The model can explain 89.2% of the variance in the test set


In [13]:
rf_mask = rfe_rf.support_

### Combining 3 feature selectors

In [14]:
votes = np.sum([lcv_mask, rf_mask, gb_mask], axis=0)
print(votes)

[0 1 3 1 1 2 0 3 1 0 0 3 0 0 0 2 1 1 0 0 0 0 3 2 0 3 1 1 3 2 0 2]


### Create a mask for features selected by all 3 models

In [15]:
meta_mask = votes == 3
print(meta_mask)

[False False  True False False False False  True False False False  True
 False False False False False False False False False False  True False
 False  True False False  True False False False]

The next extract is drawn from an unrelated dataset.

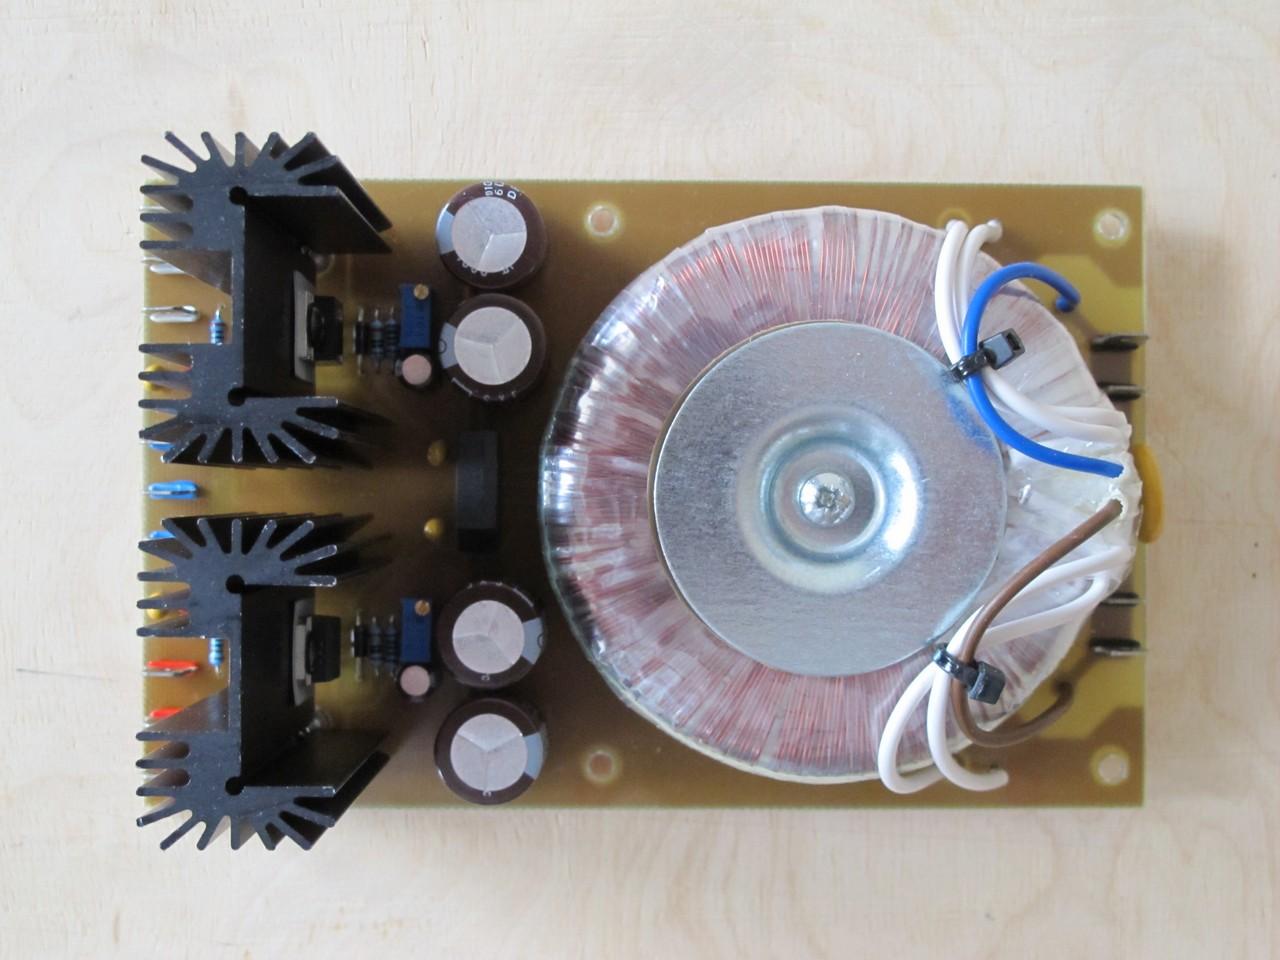 Modular synth PSU top view

### Apply the dimensionality reduction on X

In [16]:
X_reduced = X.loc[:, meta_mask]
print(X_reduced.columns)

Index(['bideltoidbreadth', 'chestcircumference', 'forearmcircumferenceflexed',
       'shouldercircumference', 'thighcircumference', 'waistcircumference'],
      dtype='object')


In [17]:
lm = LinearRegression()
scaler = StandardScaler()

In [18]:
X_train, X_test, y_train, y_test = train_test_split(X_reduced, y, test_size=0.3, random_state=0)
lm.fit(scaler.fit_transform(X_train), y_train)
r_squared = lm.score(scaler.transform(X_test), y_test)
print('The model can explain {0:.1%} of the variance in the test set using {1:} features.'.format(r_squared, len(lm.coef_)))

The model can explain 88.9% of the variance in the test set using 6 features.